Cases have been declining over the past 6 weeks on Nigeria's largest Lassa fever outbreak, and with only a handful of cases reported in recent weeks, the World Health Organization (WHO) said yesterday that the critical phase of the outbreak is under control.

For the week ending May 6, only 3 new cases were reported, edging the number of cases since the first of the year to 423, including 106 deaths. The WHO said case numbers have dropped below levels considered to be a national emergency when compared with data from earlier outbreaks.

Ibrahima-Soce Fall, MD, MPH, regional emergencies director for Africa, said in the WHO statement that Nigeria is to be congratulated for reaching this important milestone. "But we cannot let our foot off the pedal. We must use the lessons learnt to better prepare at risk countries in our region to conduct rapid detection and response," he said.

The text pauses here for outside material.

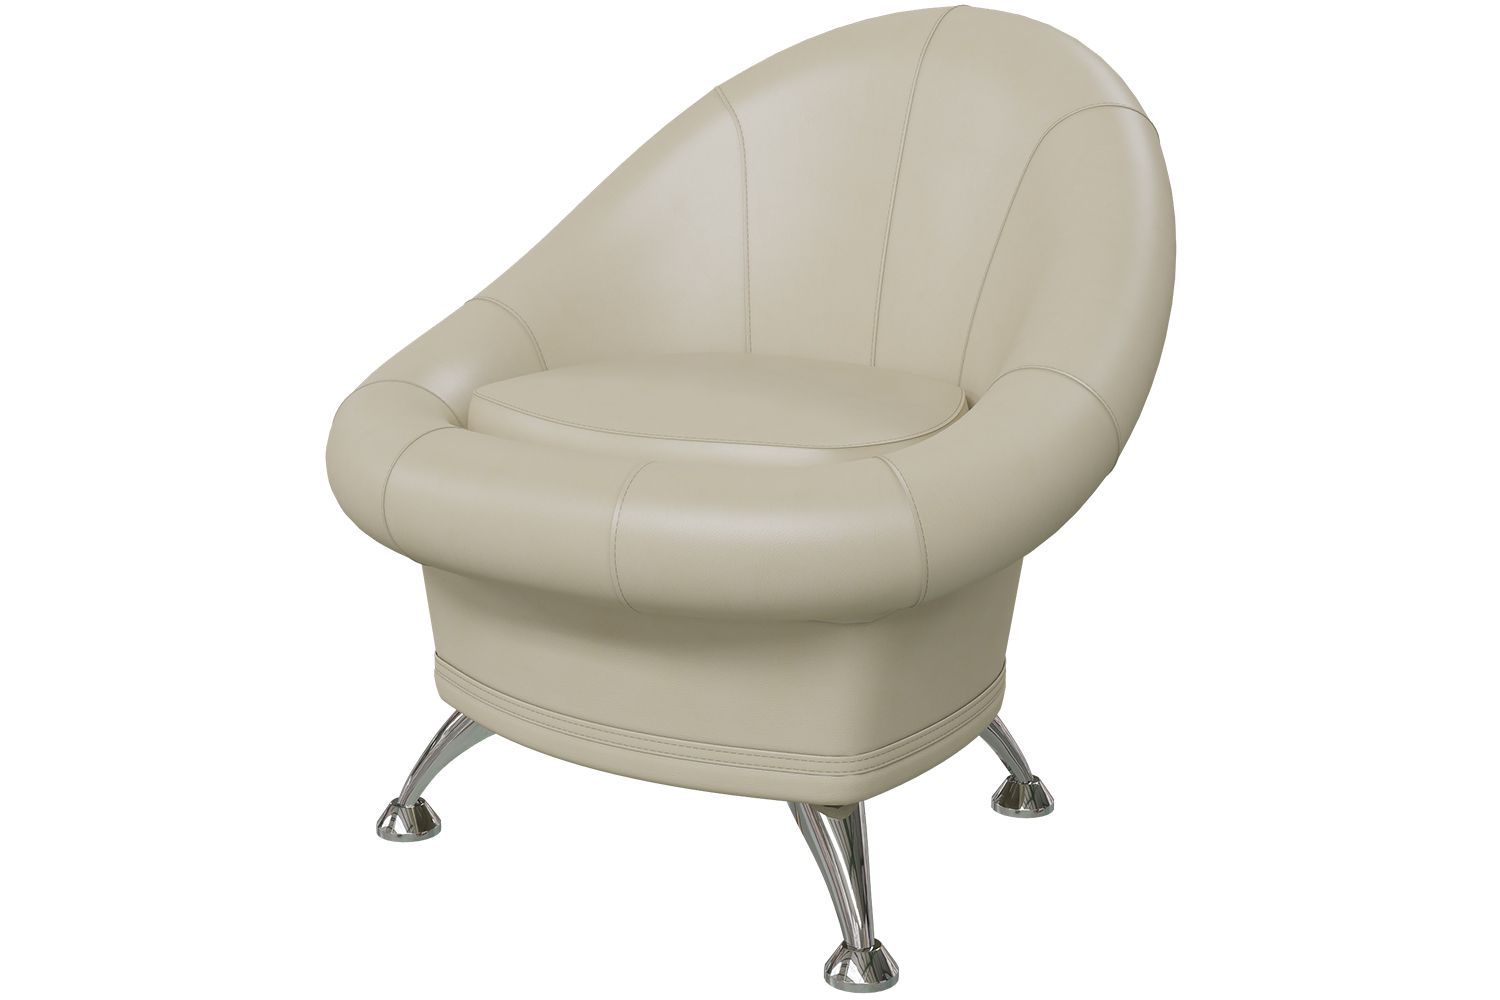 Банкетка-кресло (кожзам ЭКО) 6-5104  за 7190 руб  .

The WHO said it will continue to support Nigeria's stepped-up response to the outbreak, which it says led to 37 infections in health workers, highlighting the need to implement standard infection prevention and control practices with all patients and a high index of suspicion, regardless of health status.

Lassa fever is a viral infection mainly transmitted to humans through contact with food or household items contaminated with rodent urine, feces, or blood. The virus can pass from person to person through direct or indirect contact with an infected person's body fluids.